Catawba Chief Bill Harris speaks during a groundbreaking ceremony Wednesday, July 22. Catawba Chief Bill Harris speaks during a groundbreaking ceremony Wednesday, July 22. Brittany Randolph/The Shelby Star

Four months after the Eastern Band of Cherokee Indians filed suit against the U.S. Department of the Interior’s decision to allow the Catawba Indian Nation to move forward with plans for a casino in Kings Mountain, the DOI has officially taken the land into trust and the Catawba have broken ground on the site. However, the EBCI is still fighting the decision, on July 6 submitting a new, amended complaint in the case. 

Ground breaks in casino project 

While the initial complaint had featured the EBCI as the sole plaintiff, the amended document also includes 12 tribal members who live near the Kings Mountain site. The Cherokee Nation of Oklahoma, which has intervened on behalf of the EBCI, submitted an amended complaint as well. 

“We welcome the growing coalition that is fighting against the DOI’s decision,” said Principal Chief Richard Sneed. “The decision is an egregious violation of federal law, and our amended complaint will establish for the court that there is no legitimate, legal basis for the decision.” 

Meanwhile, Catawba Chief Bill Harris has extolled the DOI’s “very rigorous process” for reviewing trust applications. 

“We are very thankful for the hard work of the Department’s solicitors and staff on our application, who carefully reviewed our history, including our historic land settlement, ensuring that it is consistent with the Supreme Court’s Carcieri decision,” he said in a March 12 press release. 

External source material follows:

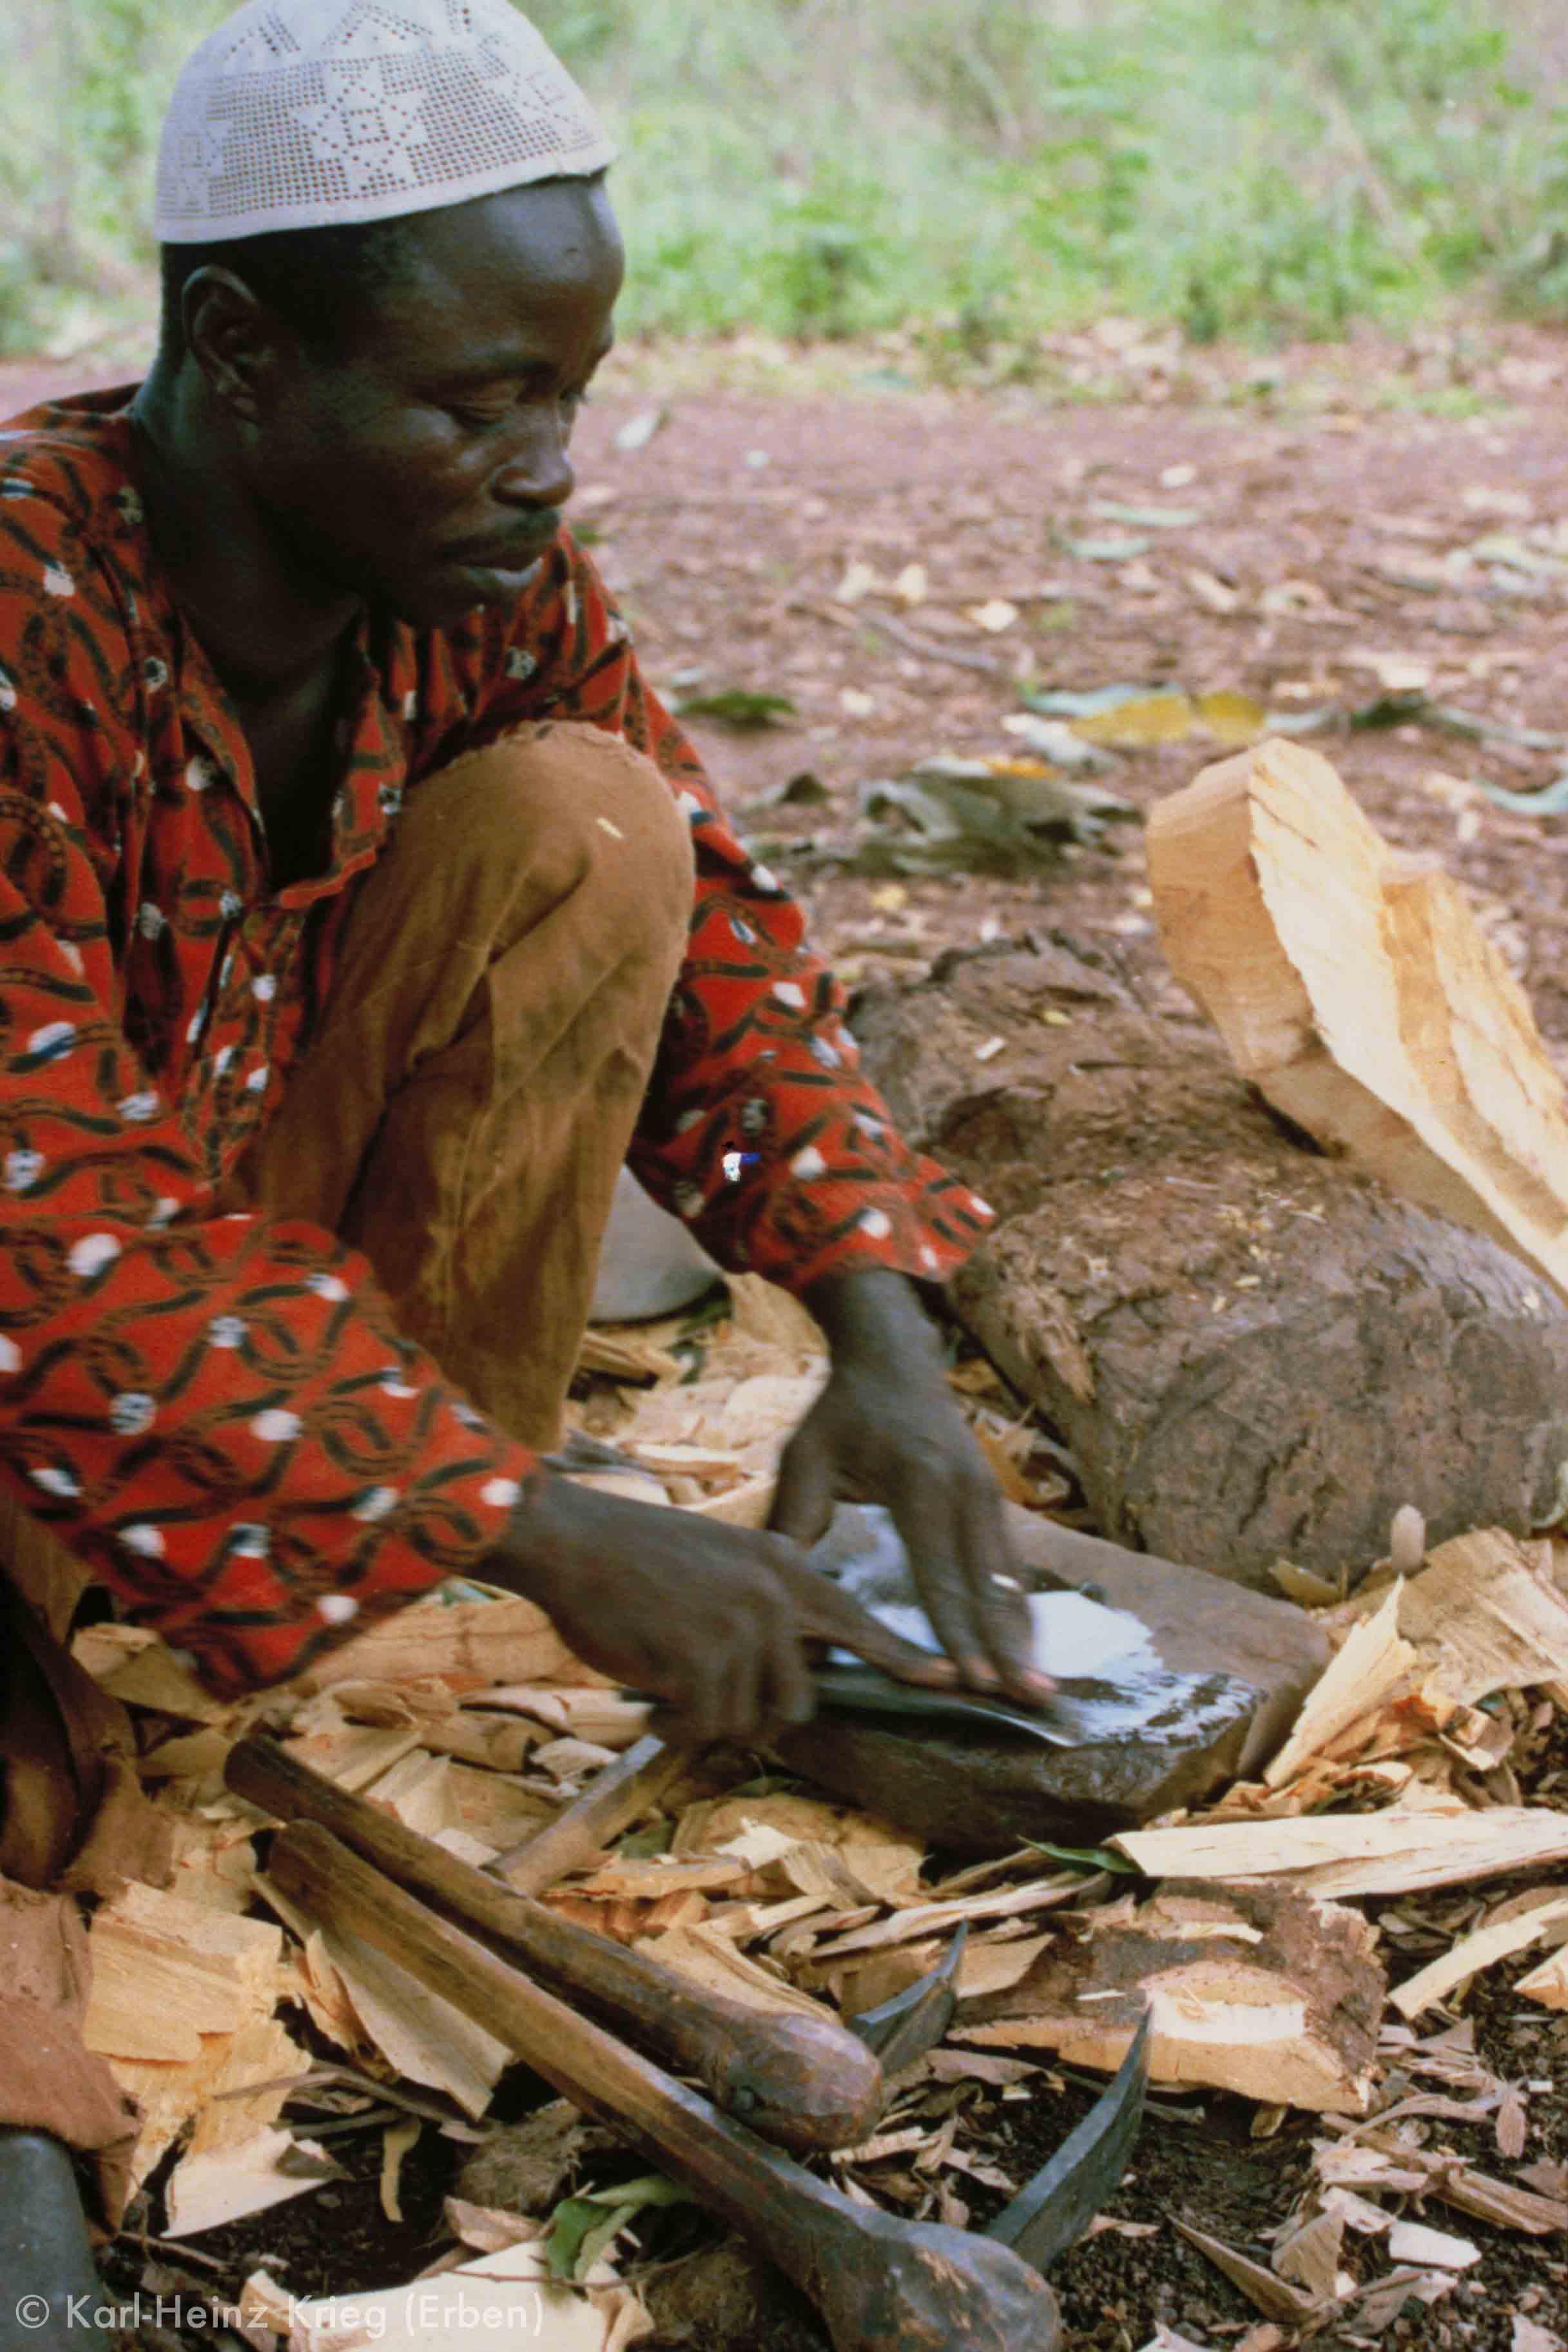 Sécondjéwin Dagnogo sharpening toos.Ziédougou (Region of Boundiali, Côte d'Ivoire), 1980.Photo: Karl-Heinz Krieg

On March 12, the DOI approved the Catawba’s September 2018 application to take 16.57 acres at Kings Mountain into federal trust for the purpose of conducting gaming activities, a decision that was the culmination of years of effort on the part of the Catawba. The tribe, based in Rock Hill, South Carolina, is governed by the Settlement Act of 1993, which states that the federal Indian Gaming Regulatory Act does not apply to the Catawba and that the tribe must instead abide by South Carolina gaming laws.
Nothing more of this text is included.